▶ **What the task requires**: The listing is to be reproduced exactly, excluding its pictures.

▶ **Supplied information**:
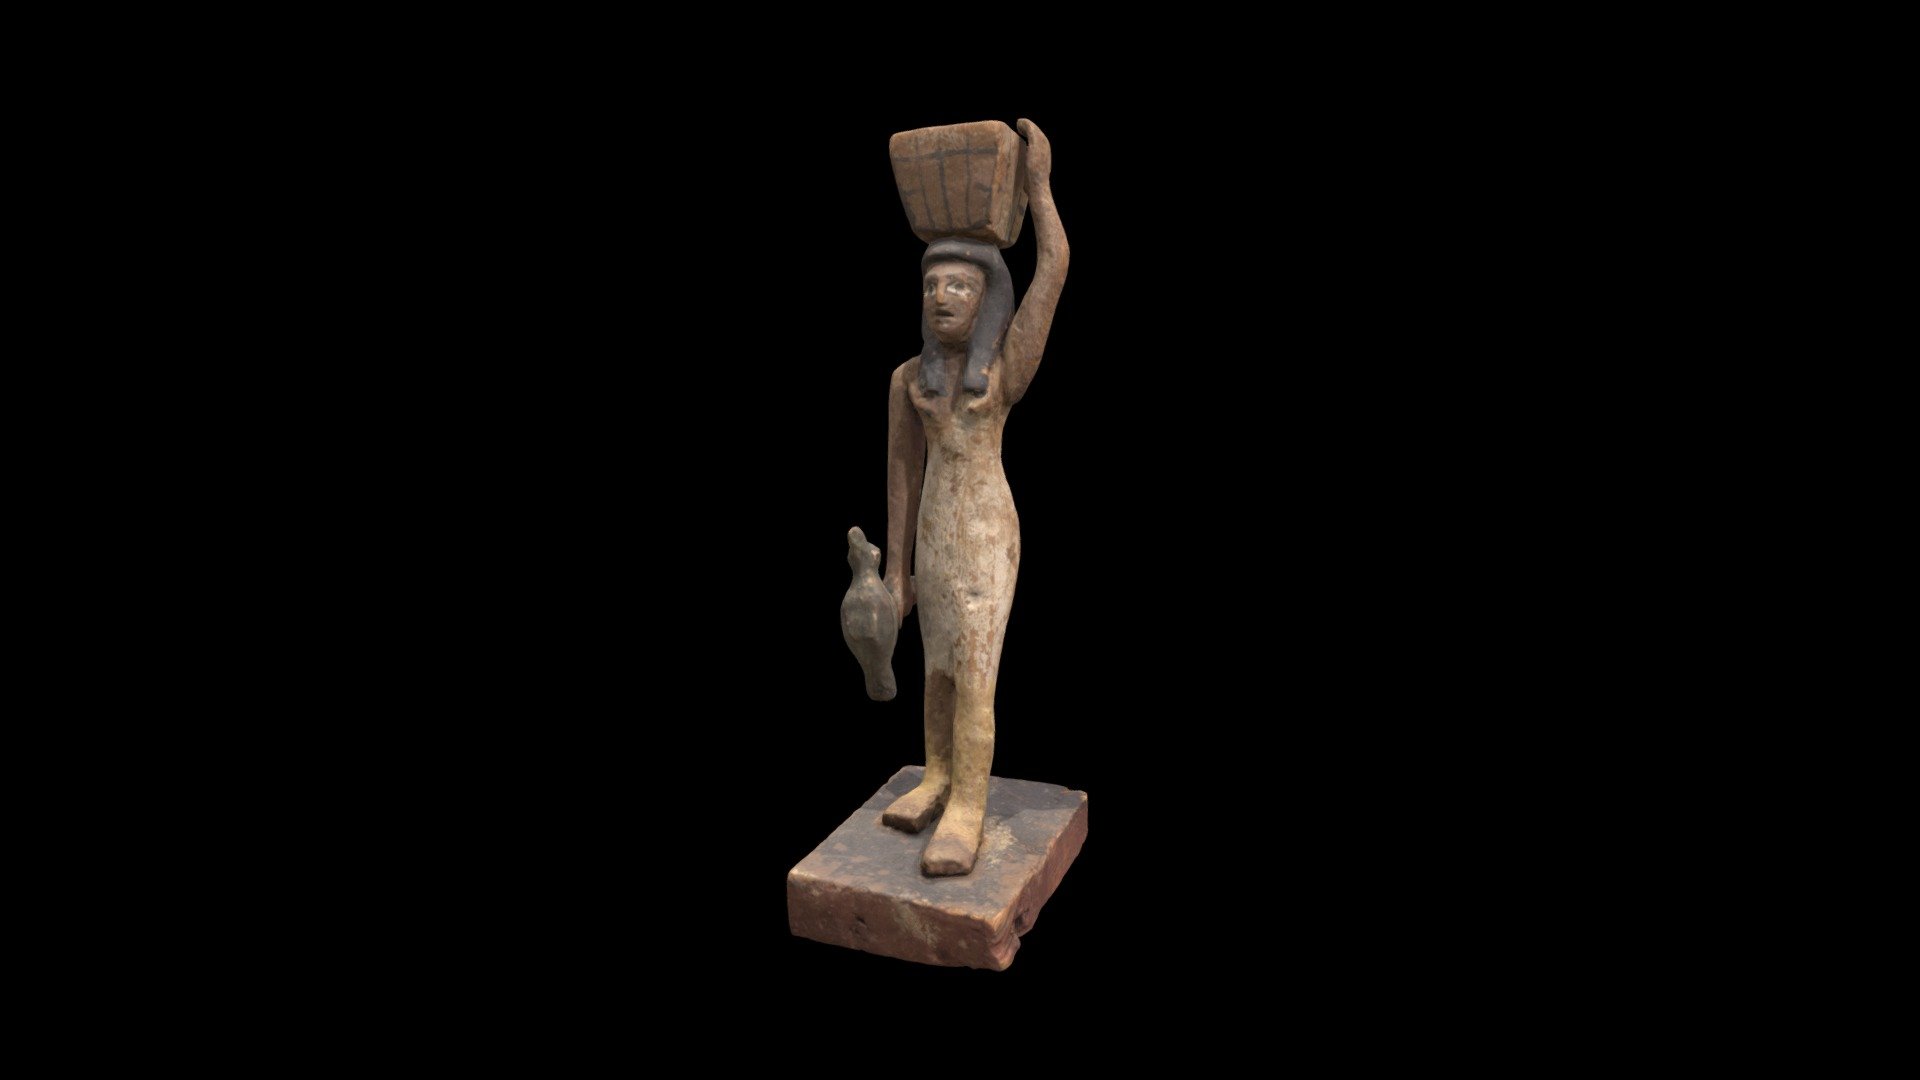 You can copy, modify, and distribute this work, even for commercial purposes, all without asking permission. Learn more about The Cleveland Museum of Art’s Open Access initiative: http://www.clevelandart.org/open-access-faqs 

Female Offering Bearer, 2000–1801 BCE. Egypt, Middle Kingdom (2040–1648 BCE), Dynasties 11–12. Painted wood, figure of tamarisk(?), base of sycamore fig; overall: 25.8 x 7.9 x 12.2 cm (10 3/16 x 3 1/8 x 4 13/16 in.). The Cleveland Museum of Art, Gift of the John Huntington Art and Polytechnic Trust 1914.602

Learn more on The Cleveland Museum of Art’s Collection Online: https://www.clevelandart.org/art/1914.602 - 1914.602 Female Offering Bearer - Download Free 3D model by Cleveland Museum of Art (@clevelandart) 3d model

▶ **Solved problem**:
 You can copy, modify, and distribute this work, even for commercial purposes, all without asking permission. Learn more about The Cleveland Museum of Art’s Open Access initiative: http://www.clevelandart.org/open-access-faqs 

Female Offering Bearer, 2000–1801 BCE. Egypt, Middle Kingdom (2040–1648 BCE), Dynasties 11–12. Painted wood, figure of tamarisk(?), base of sycamore fig; overall: 25.8 x 7.9 x 12.2 cm (10 3/16 x 3 1/8 x 4 13/16 in.). The Cleveland Museum of Art, Gift of the John Huntington Art and Polytechnic Trust 1914.602

Learn more on The Cleveland Museum of Art’s Collection Online: https://www.clevelandart.org/art/1914.602 - 1914.602 Female Offering Bearer - Download Free 3D model by Cleveland Museum of Art (@clevelandart) 3d model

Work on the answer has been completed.